# Press Conferance With The Governor



## Dick Monson (Aug 12, 2002)

Chris, I was kidding about the press credentials, but that is not a bad idea. Why not have an open press conferance with the Governor? Before the session starts? Just for outdoor editors, since the Fourm says outdoor issues will be the hot topic this year. Nodak Outdoors has some heavy hitters that would do a goooooood interview. Take along Curt Wells or Mitzel too from Dakota Country. Since tourism is so important, I'm sure the Guv would love to do it. Grand Forks Herald has some good coverage of outdoor issues, they would be interested too.


----------



## goosehtr4life (Dec 16, 2002)

Why would you take Mitzel. He pays to hunt all the time. He has paid a friend of mine many times to use his land. :eyeroll: WakeUP!!


----------



## Dick Monson (Aug 12, 2002)

I am not concerned if a outdoor journalist has used an outfitter. I am concerned that the journalist understands the issue, ( Bill Mitzel does), and that he can ask the right questions of the governor to pin down the governors position on game laws instead of giving him a free walk. As evidence of Mitzel's ability read Dakota Country Jan. 03, page 4, " A Salute To The Local Sportsman" and same magazine, Mar. 02, page 4, "No Reason For The Early Season".


----------



## Fetch (Mar 1, 2002)

I once got Bill to interview the Govenor (then KL Kool) Opps!!! I keep forgetting the G&FDirector & the Govenor are not the same  It was on all day SOB Goose hunting & he did a Fantastic job & asked all the right questions & held his feet to the fire in a respectful way k:

- Did this come up ??? All day SOB hunting at any of the recent meetings ??? (Guides & Outfitters) were really against this & I'm sure they will try to Blame the poor past couple years on this too :roll: ( the biggest reason was they might have to work a whole day) - & I don't think any do - they are the ones against this - said it would send them to SD too quickly - It did'nt - In fact the past couple years prove, we should have full opportunity to hunt them, for the short periods they are here.

His (Bill Mitzel)'s youngest Boy (I think ???) wrote a very good atricle this month. :thumb:


----------



## Dick Monson (Aug 12, 2002)

A lick on me, Craig Bihrle interviewed Gov. Hoven in the "North Dakota Outdoors" magazine, Nov. 2001 issue, page 7.

Bihrle: "Do issues related to hunting, fishing, and resource management generate a lot of citizen input to your office?"

Hoven:*"Yes. And Dean Hildebrand does a good job. We redirect most of the input to him because that's his job. I belive in empowering people to do their job, and I think he does a good job. But yes, I get lot of people who come in, legilators, mayors, businessmen, hunters.....
I listen to them, but I encourage them to talk to our Game and Fish people. We have experts over there, doing an outstanding job. Those are the folks who need to hear from our citizens. And I have confidence that they will do a good job."*

This interview was done at the same time that Gov. Hoven was cooking up pheasantgate and trying to palm it off as a plan from North Dakota Game and Fish.

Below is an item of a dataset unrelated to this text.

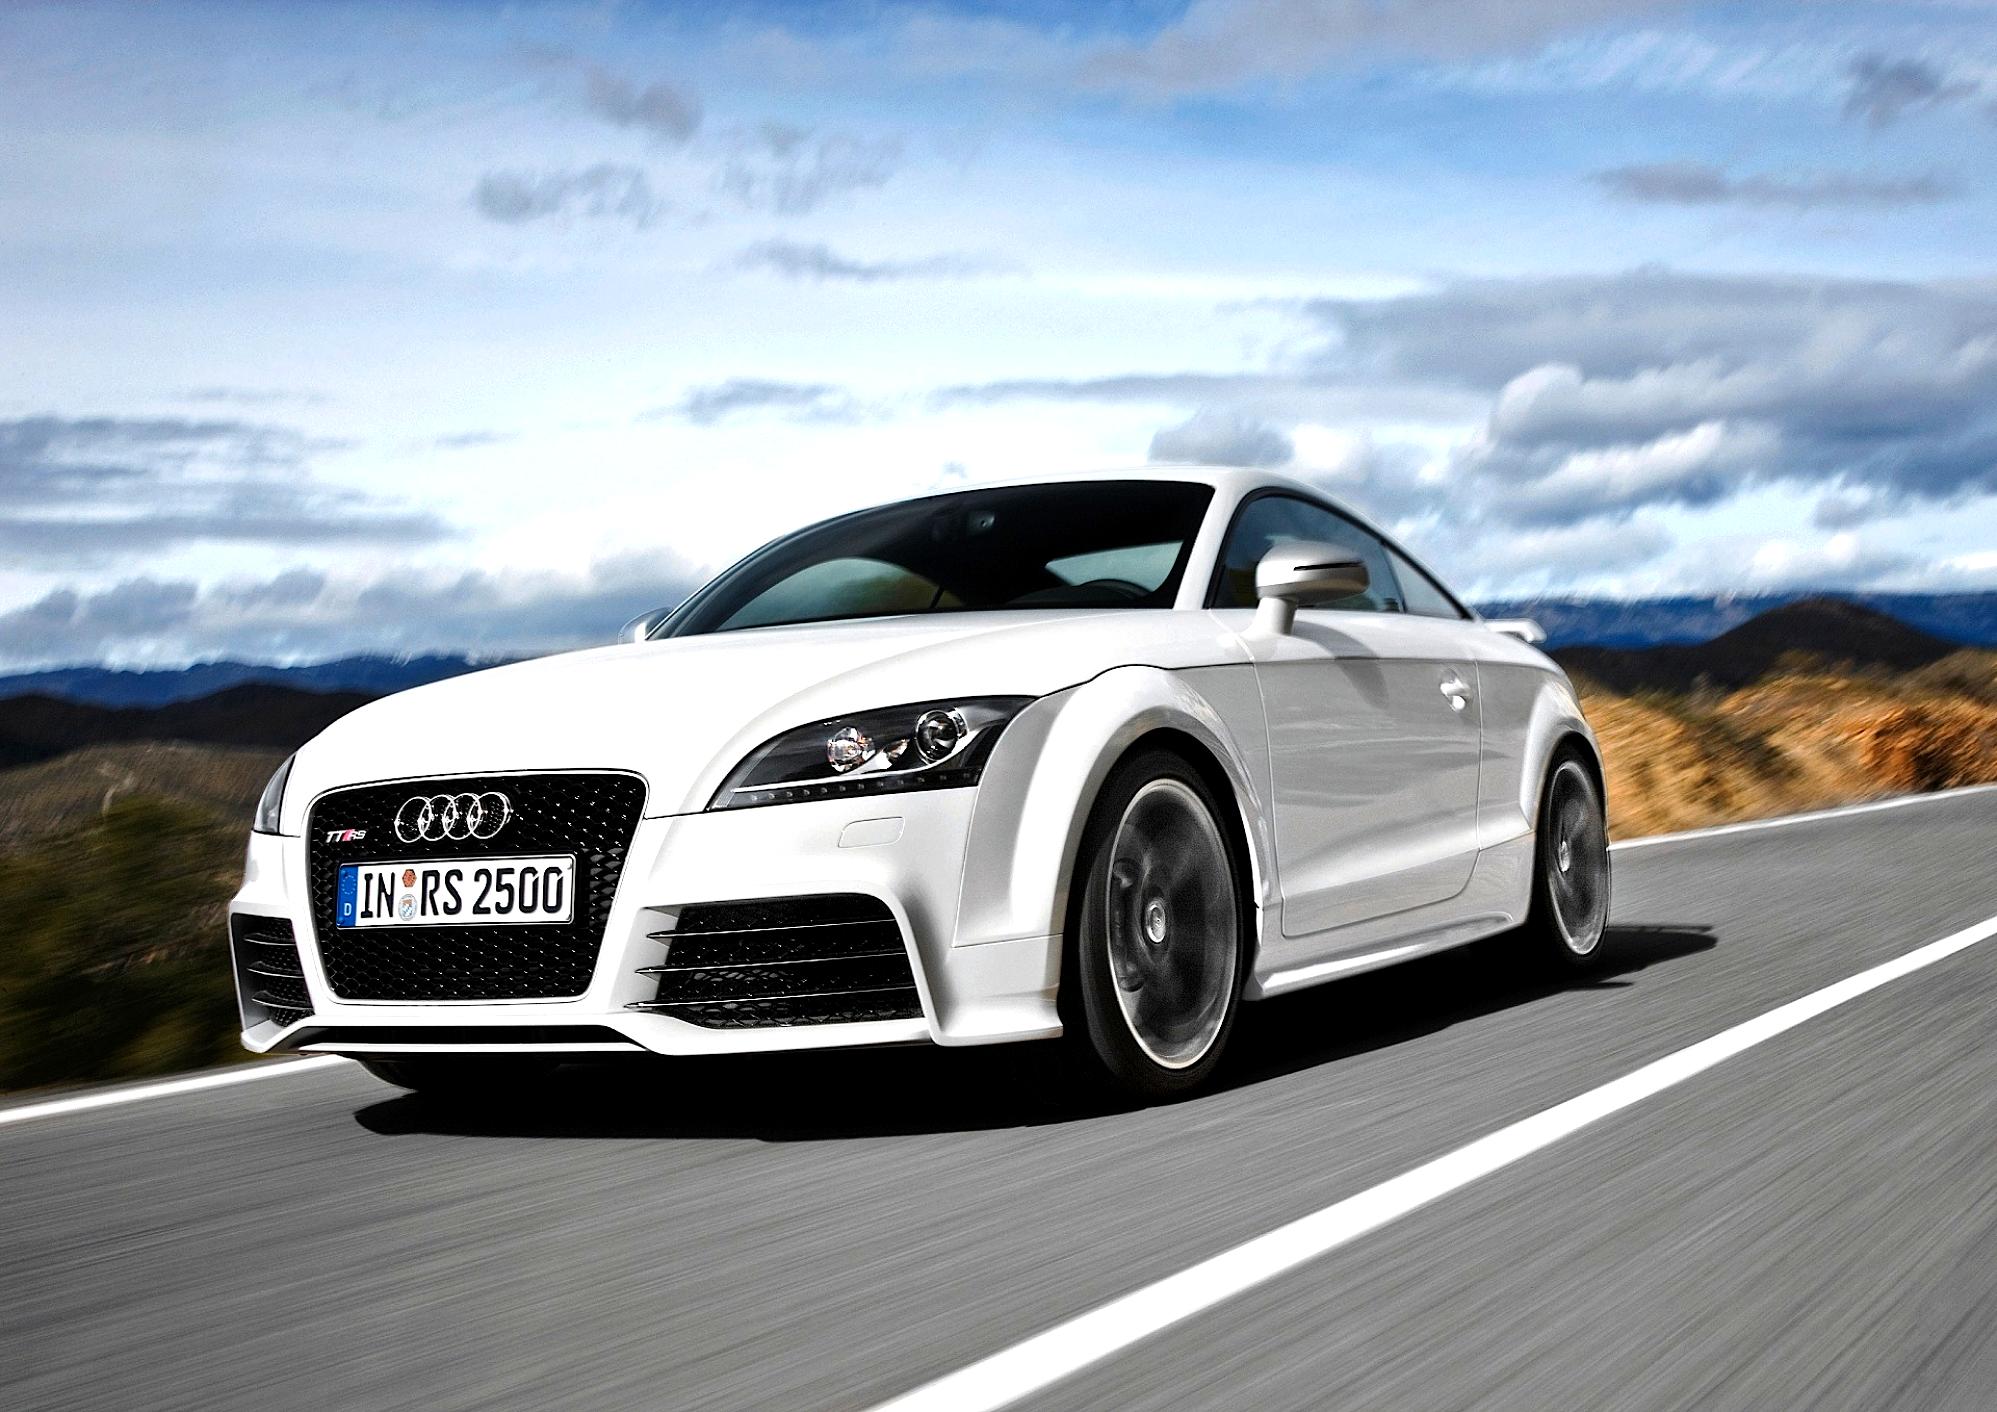 Audi TT RS Coupe 2009 #18

At the Jamestown, Steele, and Kindred advisory meetings Dean said the NDGF dept would champion the Hunter Pressure Concept in the next session.

Word on the street is that at the conclusion of the advisory meeting circuit, Hoven called Dean in for a "consultation". After that meeting there will be NO input from NGDF allowed as positive testimony on HPC at the committee hearings in the 2003 session.

I sincerely hope this information is wrong. The proof is going to be demonstrated at the committee hearings.


----------



## Fetch (Mar 1, 2002)

That should have been & still is the answer to all this.

I would do all I can to support him (& be so proud of him) - if there were any attempt, to do anything that would hurt him, or anyone in the Dept. It should be exposed & would result in a Backlash that would shake up Bismarck for many years to come.

Now the BIG question is - what does he really believe is right for ND & our Future ???

Or is he just going to ride this out & hope it goes away, or that the Legislature & Govenor will do the right things ??? I know he knows the answer to that.


----------



## muzzy (Mar 21, 2002)

Fetch, I think you are getting the wrong impression from Dicks post. I think it implies that the real problem is the Governor, not the Director. Dick, correct me if I am wrong.


----------



## Fetch (Mar 1, 2002)

Oh I agree & understand the Govenor is the biggest problem.

But I still stand with my observation that the Director should do exactly what this Quote is saying.

It shows exactly how all ND hunters & Legislatures & even small towns & Farmers think the same things - as the Govenor is saying. (& yeah it's too bad he does not practice what he preaches)

But without a strong message from the Director - Then it is just a Lobby struggle & will we get the best solutions in the end ???


----------